• _Data items_:

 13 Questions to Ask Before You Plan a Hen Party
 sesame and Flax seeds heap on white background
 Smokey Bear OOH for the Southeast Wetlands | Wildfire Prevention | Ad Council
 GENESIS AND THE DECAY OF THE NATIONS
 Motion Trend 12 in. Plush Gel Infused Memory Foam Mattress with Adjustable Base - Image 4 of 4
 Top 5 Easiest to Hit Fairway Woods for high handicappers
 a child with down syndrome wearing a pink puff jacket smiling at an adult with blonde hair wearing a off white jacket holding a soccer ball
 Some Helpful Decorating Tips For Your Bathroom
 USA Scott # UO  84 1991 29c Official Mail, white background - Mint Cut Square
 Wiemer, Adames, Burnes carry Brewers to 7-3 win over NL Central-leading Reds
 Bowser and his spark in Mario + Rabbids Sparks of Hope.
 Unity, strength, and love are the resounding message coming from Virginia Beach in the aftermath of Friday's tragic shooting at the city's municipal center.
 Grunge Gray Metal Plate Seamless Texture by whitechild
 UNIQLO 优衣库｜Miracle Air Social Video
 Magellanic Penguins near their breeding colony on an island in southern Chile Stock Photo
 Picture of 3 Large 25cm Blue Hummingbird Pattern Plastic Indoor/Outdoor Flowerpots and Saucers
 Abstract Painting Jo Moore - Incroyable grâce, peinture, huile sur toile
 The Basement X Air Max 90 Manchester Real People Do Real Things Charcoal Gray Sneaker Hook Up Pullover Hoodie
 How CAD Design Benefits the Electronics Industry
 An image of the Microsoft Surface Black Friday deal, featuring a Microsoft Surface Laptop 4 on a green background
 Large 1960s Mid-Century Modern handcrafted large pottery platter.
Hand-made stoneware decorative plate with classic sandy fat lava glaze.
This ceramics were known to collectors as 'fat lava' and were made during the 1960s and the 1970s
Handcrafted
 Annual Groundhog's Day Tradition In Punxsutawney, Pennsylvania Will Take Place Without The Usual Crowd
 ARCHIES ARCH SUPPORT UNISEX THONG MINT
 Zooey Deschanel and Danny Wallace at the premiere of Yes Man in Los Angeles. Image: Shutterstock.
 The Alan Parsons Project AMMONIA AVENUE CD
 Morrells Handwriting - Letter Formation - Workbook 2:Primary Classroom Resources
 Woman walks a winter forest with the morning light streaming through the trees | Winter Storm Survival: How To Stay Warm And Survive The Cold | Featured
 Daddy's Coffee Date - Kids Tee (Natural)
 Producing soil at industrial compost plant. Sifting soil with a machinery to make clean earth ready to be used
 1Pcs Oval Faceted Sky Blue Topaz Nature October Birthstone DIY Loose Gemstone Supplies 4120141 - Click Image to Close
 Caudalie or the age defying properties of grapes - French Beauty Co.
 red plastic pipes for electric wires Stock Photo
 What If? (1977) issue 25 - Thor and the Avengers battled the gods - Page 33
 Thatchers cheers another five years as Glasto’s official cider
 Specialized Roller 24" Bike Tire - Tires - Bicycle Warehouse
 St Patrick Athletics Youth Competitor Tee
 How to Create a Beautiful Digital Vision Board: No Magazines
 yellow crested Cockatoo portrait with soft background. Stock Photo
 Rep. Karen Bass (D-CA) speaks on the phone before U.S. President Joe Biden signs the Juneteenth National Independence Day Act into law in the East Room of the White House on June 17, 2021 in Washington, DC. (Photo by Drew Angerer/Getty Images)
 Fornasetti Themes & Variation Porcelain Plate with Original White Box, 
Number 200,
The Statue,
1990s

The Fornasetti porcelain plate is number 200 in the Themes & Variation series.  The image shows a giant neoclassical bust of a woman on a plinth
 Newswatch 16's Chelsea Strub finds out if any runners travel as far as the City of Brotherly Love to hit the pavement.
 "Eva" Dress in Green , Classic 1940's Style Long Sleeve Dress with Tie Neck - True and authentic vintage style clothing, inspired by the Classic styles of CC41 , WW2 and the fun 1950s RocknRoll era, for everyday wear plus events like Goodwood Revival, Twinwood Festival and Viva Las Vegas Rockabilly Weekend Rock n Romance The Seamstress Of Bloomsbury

• _Problem description_: Once you find the line with "USA Scott #" above, print it and every line after it up to and including the line with "The Alan Parsons Project AMMONIA AVENUE CD", exactly as written and nothing else.

• _Written response_:
 USA Scott # UO  84 1991 29c Official Mail, white background - Mint Cut Square
 Wiemer, Adames, Burnes carry Brewers to 7-3 win over NL Central-leading Reds
 Bowser and his spark in Mario + Rabbids Sparks of Hope.
 Unity, strength, and love are the resounding message coming from Virginia Beach in the aftermath of Friday's tragic shooting at the city's municipal center.
 Grunge Gray Metal Plate Seamless Texture by whitechild
 UNIQLO 优衣库｜Miracle Air Social Video
 Magellanic Penguins near their breeding colony on an island in southern Chile Stock Photo
 Picture of 3 Large 25cm Blue Hummingbird Pattern Plastic Indoor/Outdoor Flowerpots and Saucers
 Abstract Painting Jo Moore - Incroyable grâce, peinture, huile sur toile
 The Basement X Air Max 90 Manchester Real People Do Real Things Charcoal Gray Sneaker Hook Up Pullover Hoodie
 How CAD Design Benefits the Electronics Industry
 An image of the Microsoft Surface Black Friday deal, featuring a Microsoft Surface Laptop 4 on a green background
 Large 1960s Mid-Century Modern handcrafted large pottery platter.
Hand-made stoneware decorative plate with classic sandy fat lava glaze.
This ceramics were known to collectors as 'fat lava' and were made during the 1960s and the 1970s
Handcrafted
 Annual Groundhog's Day Tradition In Punxsutawney, Pennsylvania Will Take Place Without The Usual Crowd
 ARCHIES ARCH SUPPORT UNISEX THONG MINT
 Zooey Deschanel and Danny Wallace at the premiere of Yes Man in Los Angeles. Image: Shutterstock.
 The Alan Parsons Project AMMONIA AVENUE CD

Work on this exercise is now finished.